For patients with chronic hepatitis B virus infection (CHB), serum mac-2-binding protein glycosylation isomer (M2BPGi) is a reliable marker for assessing liver fibrosis, according to results published in Clinical and Translational Gastroenterology.
M2BPGi presents a noninvasive alternative to the standard invasive liver biopsy for assessing liver fibrosis in CHB. Furthermore, M2BPGi appears to correlate well with histologic stages of liver fibrosis.
The study included participants with CBH treated with nucleos(t)ide analogues with baseline liver biopsies and retrievable serum samples (n=327). The researchers performed paired liver biopsies at 1 and 3 years.
The median M2BPGi values increased progressively with more advanced stages of liver fibrosis.
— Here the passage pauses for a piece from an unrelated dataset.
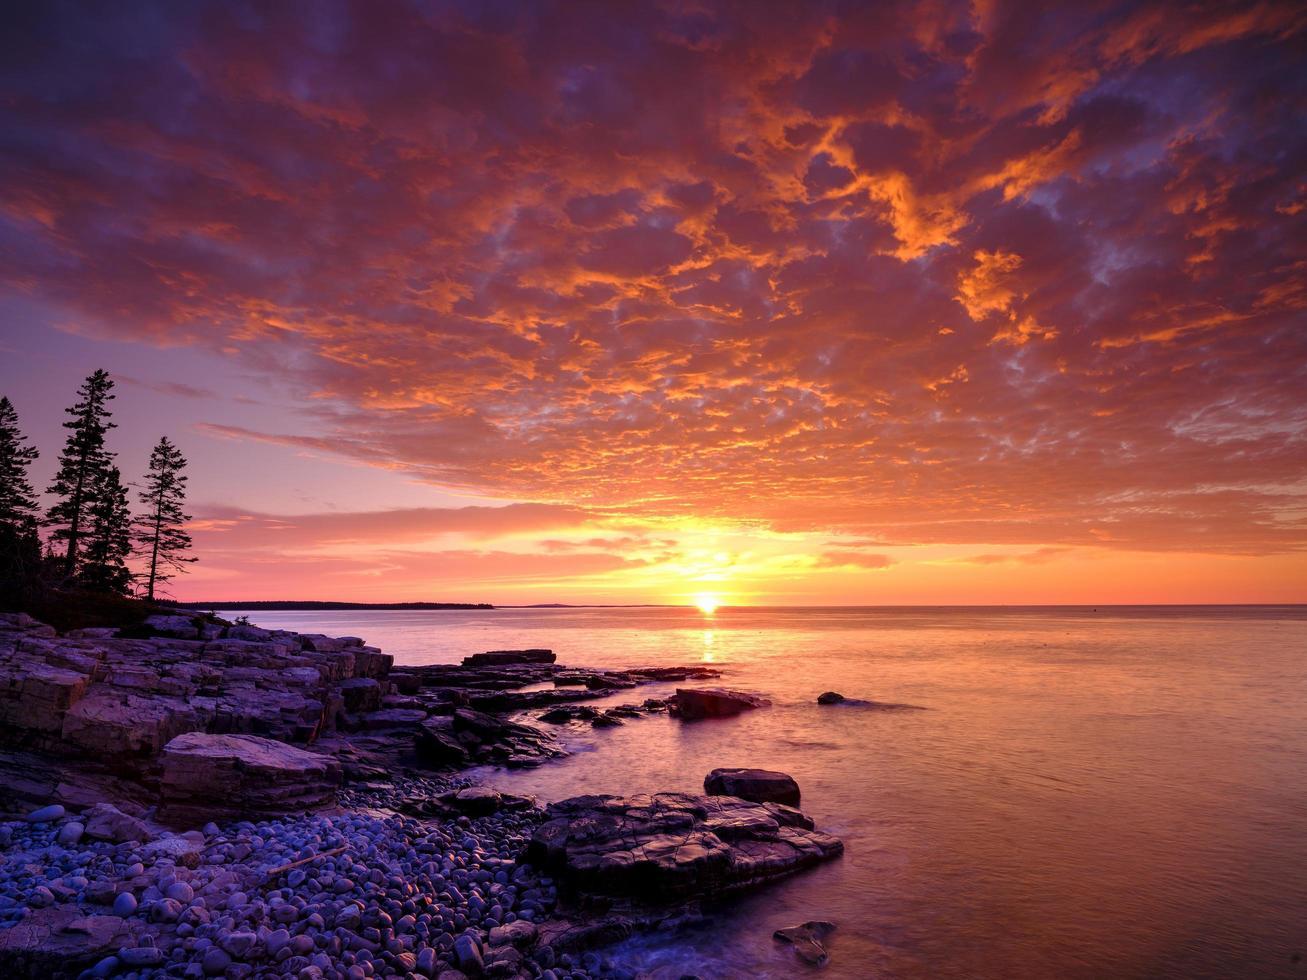 schilderachtig uitzicht op de oceaan zonsondergang foto

The median M2BPGi was 0.26 in liver histology with Ishak F0-1, 0.34 for F2, 0.57 for F3, and 1.21 for F4 (P <.01).
The area under the receiver operator curve for serum M2BPGi was 0.653 for diagnosing ≥F2, (95% CI, 0.608-0.698, P <.001), 0.795 for diagnosing ≥F3 (95% CI, 0.743-0.848; P <.001), and 0.914 for diagnosing F4 (95% CI, 0.815-1.00, P <.001).
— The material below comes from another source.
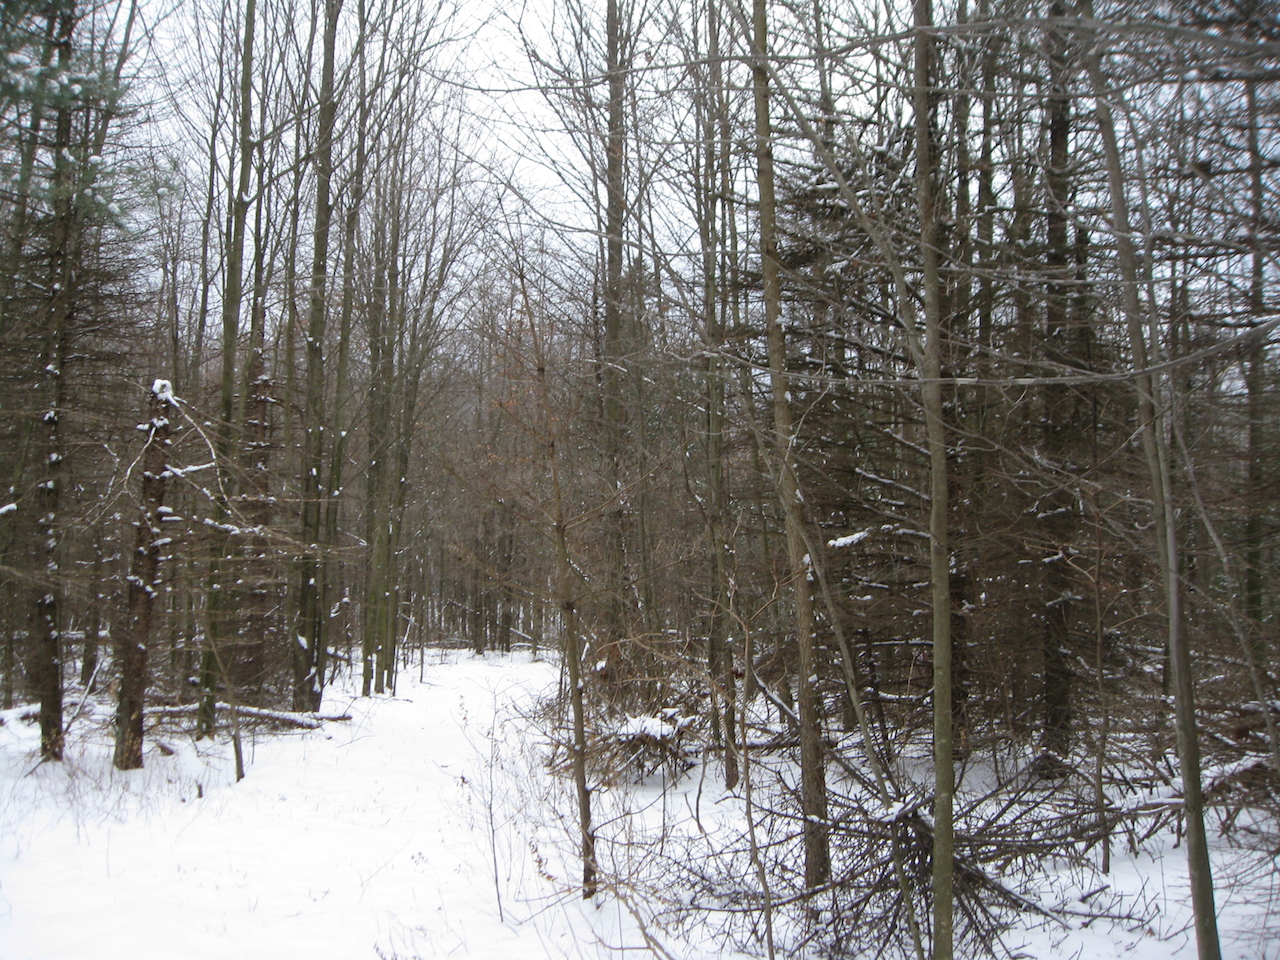 Đất đai vì Bán tại Building Parcel - Close Proximity To Town A 62nd Street Holland, Michigan, 49423 Hoa Kỳ

The researchers found that the optimal serum M2BPGi cutoff values for diagnosing ≥F2, ≥F3, and F4 were 0.25, 0.45, and 0.96, respectively.
After multivariate analysis, the researchers found that MSBPGi was the most significant independent factor for ≥F3 compared with aspartate aminotransferase to platelet ratio, aspartate aminotransferase to alanine aminotransferase ratio, and fibrosis index based on 4 factors (odds ratio, 8.197; 95% CI, 2.699-24.897; P <.001).
“Serum M2BPGi is a potential marker to conveniently diagnose F3/F4 without needing a liver biopsy,” the study authors concluded.
Mak LY, Wong DK, Cheung KS, Seto WK, Lai CL, Yuen MF. Role of serum M2BPGi levels on diagnosing significant liver fibrosis and cirrhosis in treated patients with chronic hepatitis B virus infection. Clin Transl Gasteroenterol. 2018;9(6):163[CM1].